- **SUPPLIED DATA**:
_____

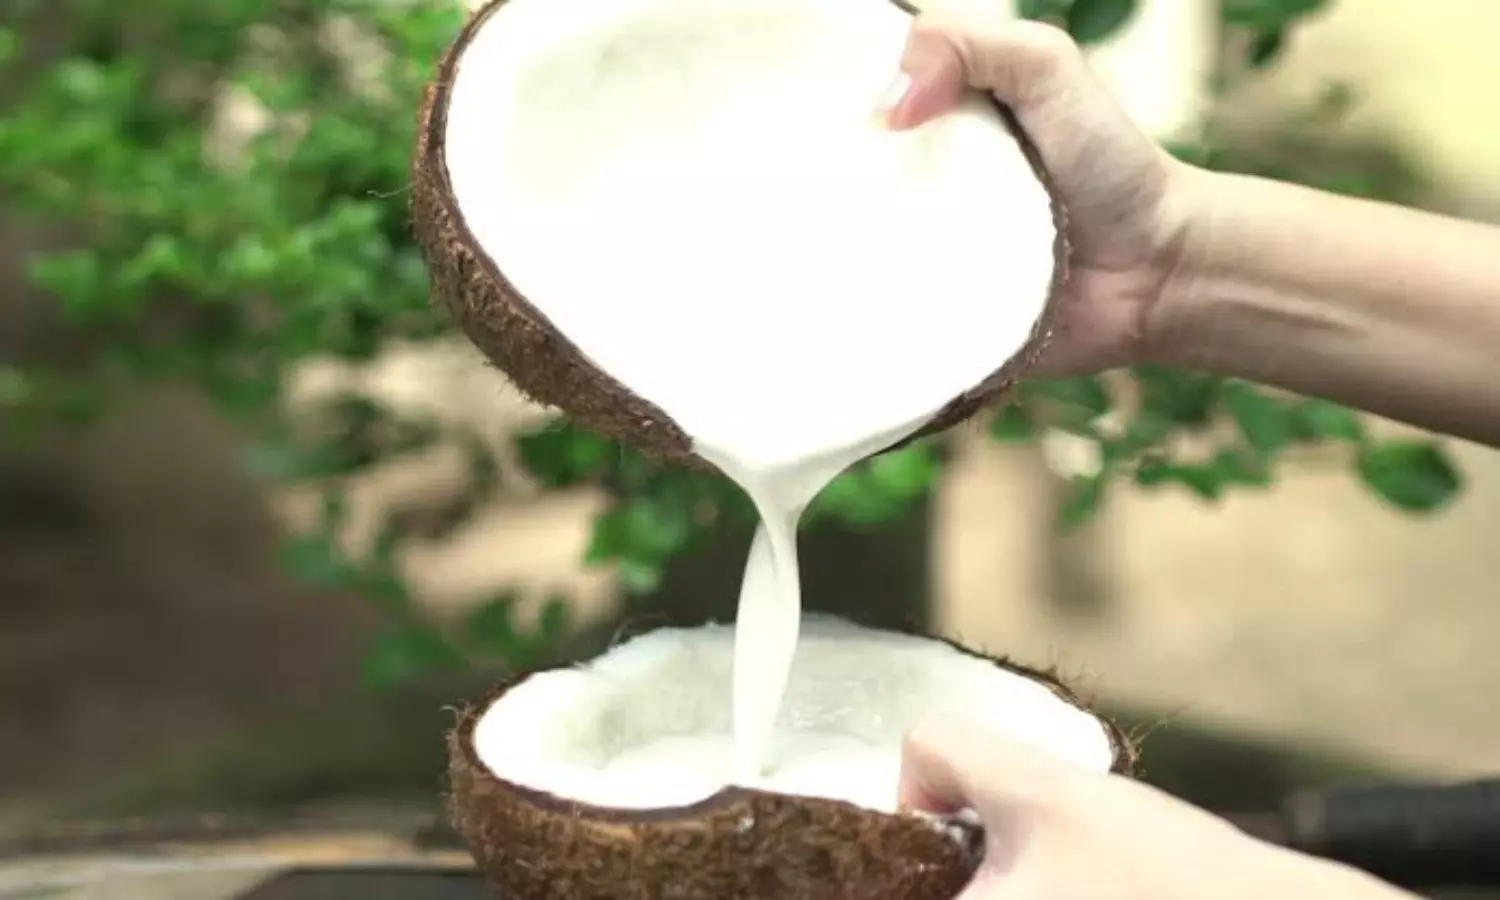 Benefits of Coconut Milk
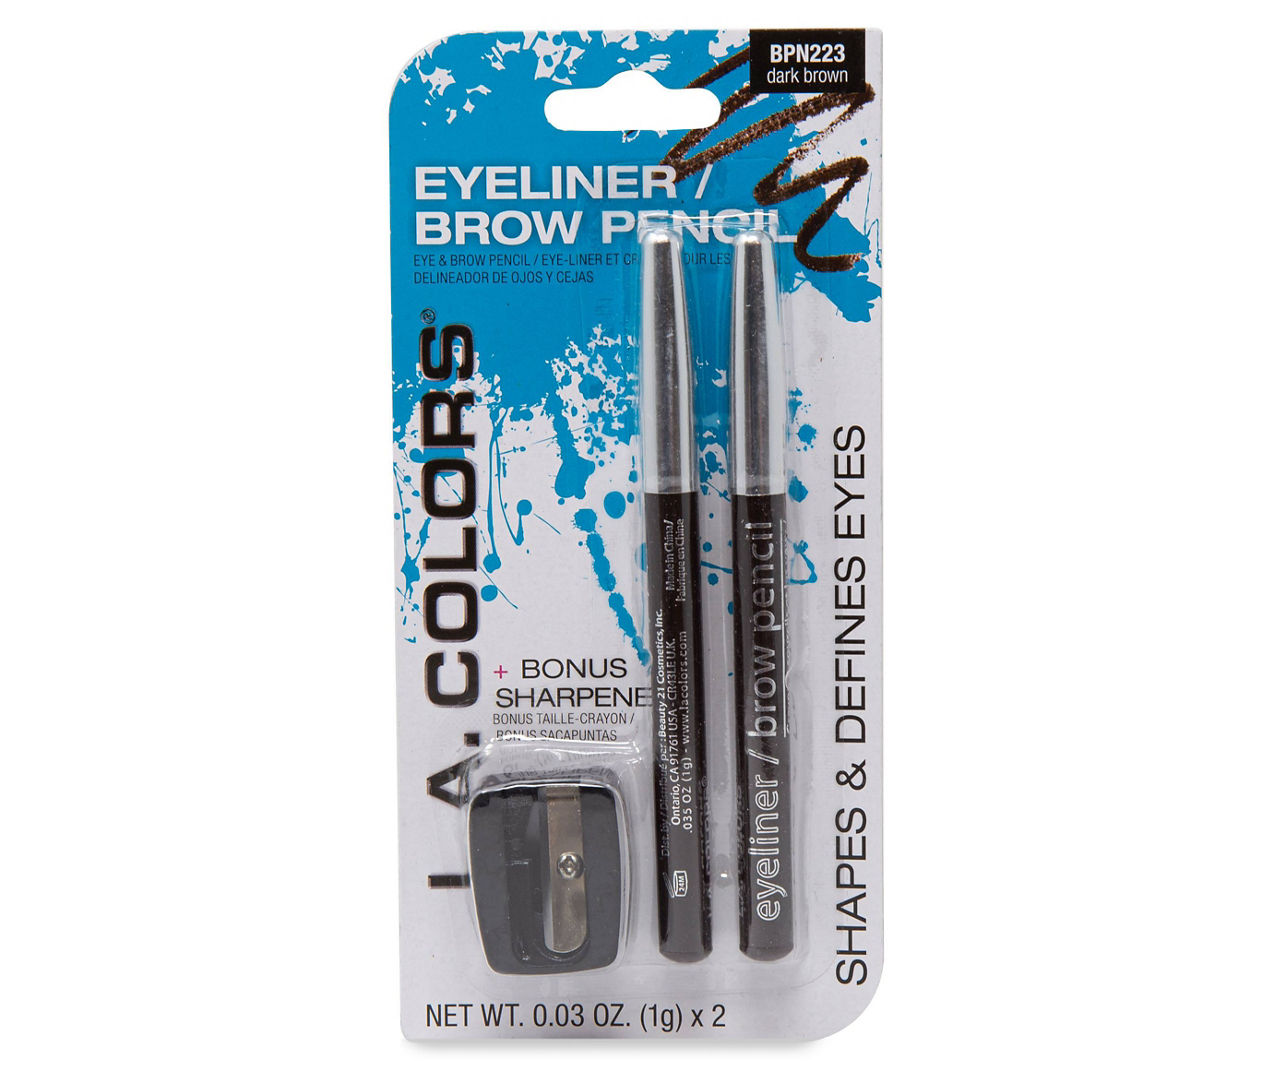 Dark Brown Eyeliner/Brow Pencil, 2-Pack
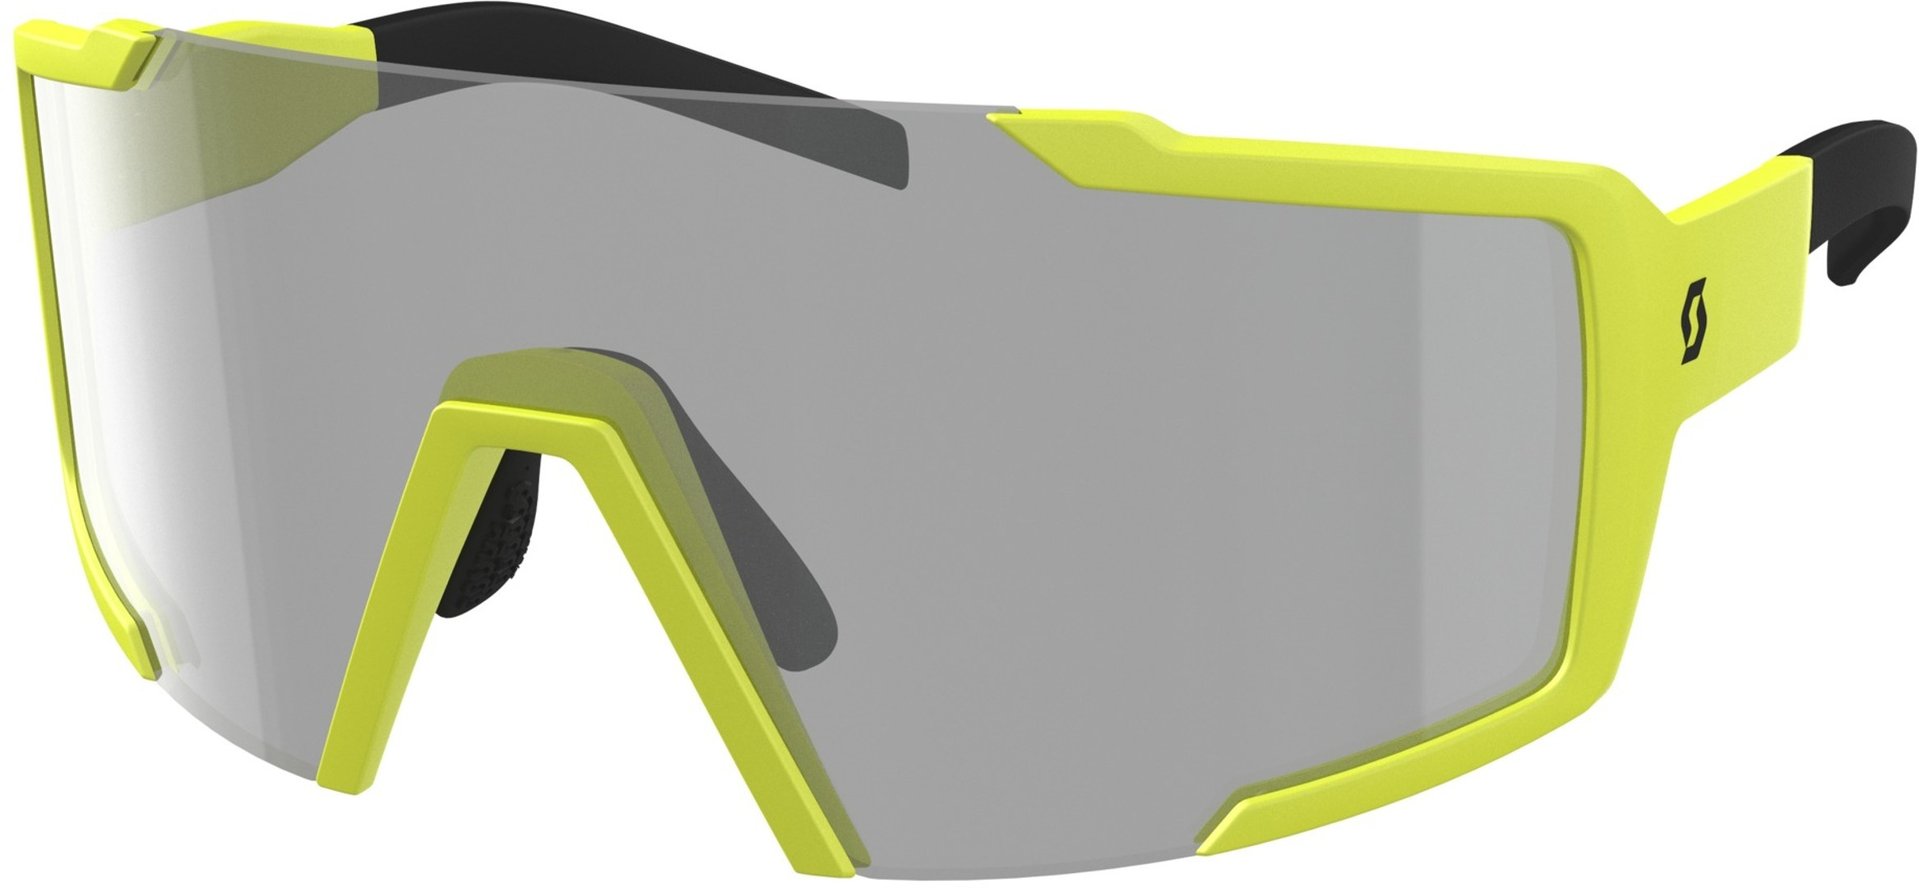 Солнцезащитные очки Scott Shield LS с регулируемой носовой накладкой, желтый/серый солнцезащитные очки желтый
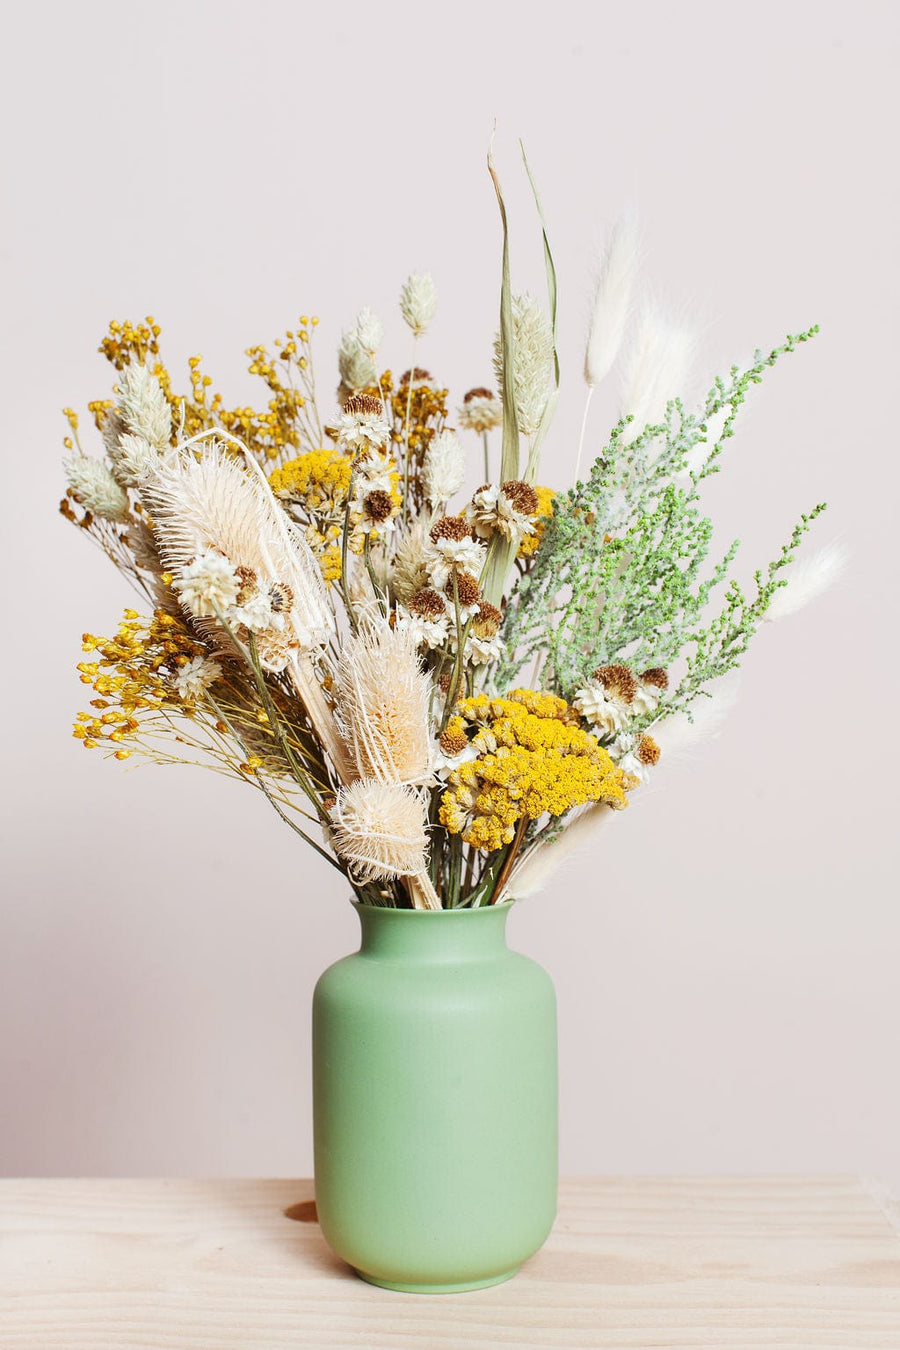 Idlewild Floral Co. Bouquets Citrine Petit Bouquet with Vase

_____

- **PROBLEM STATEMENT**: Every line from the one holding "Dark Brown Eyeliner/Brow Pencil, 2-Pack" to the last line of the listing above, inclusive, must appear exactly as written, and no picture may appear.

- **SOLUTION**:
 Dark Brown Eyeliner/Brow Pencil, 2-Pack
 Солнцезащитные очки Scott Shield LS с регулируемой носовой накладкой, желтый/серый солнцезащитные очки желтый
 Idlewild Floral Co. Bouquets Citrine Petit Bouquet with Vase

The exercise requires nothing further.